Thursday 28 July 2011

Preventing Maternal Deaths

This isn't an easy topic to write about, but following Panorama's "One Born Every 40 Seconds" shown on BBC1 on Monday 25th July, I felt it was something I wanted to explore further. I can understand if you do not wish to read further, its not pleasant subject matter. However, what concerned me, is that the documentary only focussed on one possible cause of these deaths, and that is the failure of the NHS to provide adequate midwifery resources. I feel that this is only part of the story, and wanted to look at the role of patient education and awareness. In this post I only focus on maternal death, not the death of the baby, that is another post for another day.

The bulk of the source information that Panorama used was from the Saving Mother's Lives report - reviewing maternal deaths 2006-2008.* You can find the link to the report in its entirety here, it makes for sobering reading.
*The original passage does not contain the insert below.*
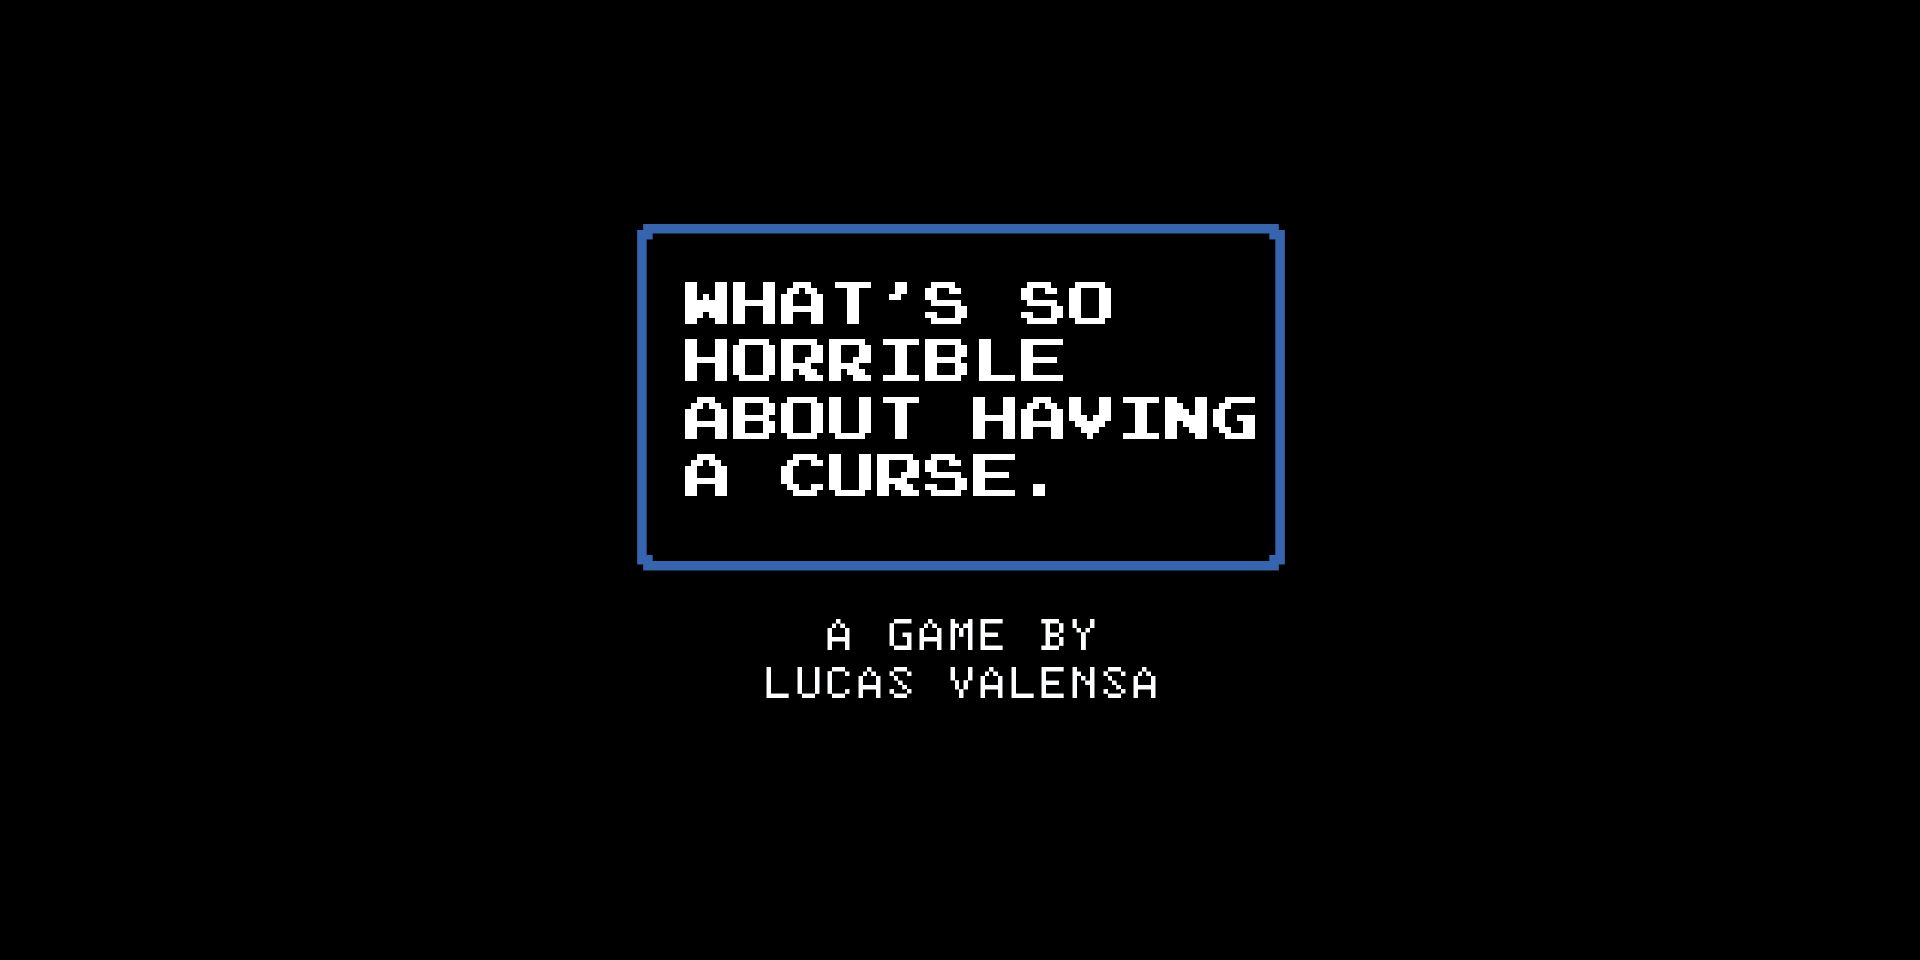 Castlevania Style Tabletop RPGs What's So Horrible About Having A Curse

I am just a mum, I'm not a researcher, or a doctor or a clinician. But I am passionate about awareness and education. Scaremongering is one thing, but empowerment is another. And what worried me about the Panorama reporting is that it didn't empower, it frightened. What can a pregnant woman do to ensure she is safe in pregnancy and childbirth? She can educate and empower herself, and her partner.
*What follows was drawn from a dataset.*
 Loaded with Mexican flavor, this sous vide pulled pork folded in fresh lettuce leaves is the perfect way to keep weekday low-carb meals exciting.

I think its important to note that the actual numbers we are talking about are very small, in the three year period the report covers, 261 women died in pregnancy. Now this figure covers direct and indirect maternal deaths, and for the purposes of this discussion the number I am interested in is the direct maternal deaths, 107 in total, of conditions or situations that only arose due to pregnancy. I think the indirect number is significant too and may be a subject for another post.

The main cause of direct maternal death is sepsis/genital tract infection. I had no idea that this was the case. The report talks about the link between sore throat and genital tract infection. How many women know, that if they are pregnant and have a sore throat, they should consult their doctor or midwife. I certainly didn't. The second main cause is pre-eclampsia/eclampsia, haemorrhage is way down the list at number 6.

Until I was pregnant, I had very little awareness of pre-eclampsia. I knew, from my job authorising procedures for a medical insurer, that pre-eclampsia necessitates swift delivery usually be caesarean section, but didn't really know any more than that. I certainly did not expect to get it, and I did not think it could be fatal, not really. But its very clear that pre-eclampsia/eclampsia is killing women in England in the 21st century.

It's important to remember that the numbers are small,  19 died in the three year period as a result of pre-eclampsia/eclampsia and as its a very common condition, its clear that it is managed, in the most part, very well. It is also clear that initiatives in this area are working. The number of women dying of these conditions in the reporting periods of 1985-87 and 1988-1990 was 27 in both periods, so clearly we are making progress.

Alarmingly though, the rate of women dying as a result of sepsis (and one of the cases featured in last nights programme was sepsis) is increasing. I certainly didn't realise that infection can kill women in pregnancy or shortly after delivery, and I am not sure I would have given a sore throat a second thought. I think, alarmingly, One of the ten recommendations of the report is that there should be more education about genital tract infection and sepsis. I would have even shrugged off a urinary tract infection as being annoying, not necessarily a source of danger. And I do not think I am alone in this.

What is clear from the report is the role that antenatal care plays in preventing maternal death. A significant number of the mortalities were women who either did not have any antenatal care, or sought antenatal care late in their pregnancies.I think also, whilst this doesn't come out in the report, is the quality of antenatal care. Surely a shortage of hospital midwives equates to a shortage of community midwives. I think laying the blame at the door of midwives in particular is wrong. The situation is a lot more complex than that.

I remain convinced that education, awareness and empowerment is important. Being aware of any pre existing conditions and ensuring you get proper consultant input is essential. Being aware of signs and symptoms of consitions like sepsis and pre-eclampsia is vital. Listen to your body, and have your voice heard, don't allow yourself to be fobbed off. Follow things up yourself, if you have been referred and not heard anything, ring - all hospitals in England have a PALS (patient advisory liaison) service, use it.

In a busy, and at times understaffed system being aware and assertive is important.

*Centre for Maternal and Child Enquiries (CMACE). Saving Mothers’ Lives: reviewing maternal
deaths to make motherhood safer: 2006–08. The Eighth Report on Confidential Enquiries into Maternal Deaths in the United Kingdom. BJOG 2011;118(Suppl. 1):1–203.


  1. Sharron Entwistle28 July 2011 at 09:30

    Very good report Kylie. Another one to add is flu. People don't realise how serious that can be in pregnancy or how many different strains there are. With the swine flu outbreak the other year women were being cautioned to get vaccinated, especially during pregnancy, however, I contracted Cyto Megalo Virus (CMV) at 25 weeks pregnant and this is what caused Callam to stop growing, thus being born premature. This is another type of flu and, whilst I went to my GP, I was given antibiotics for my throat but nothing else. I have joined an awareness group who are trying to get this test as a routine blood test as part of women's bloods at ante natal stages.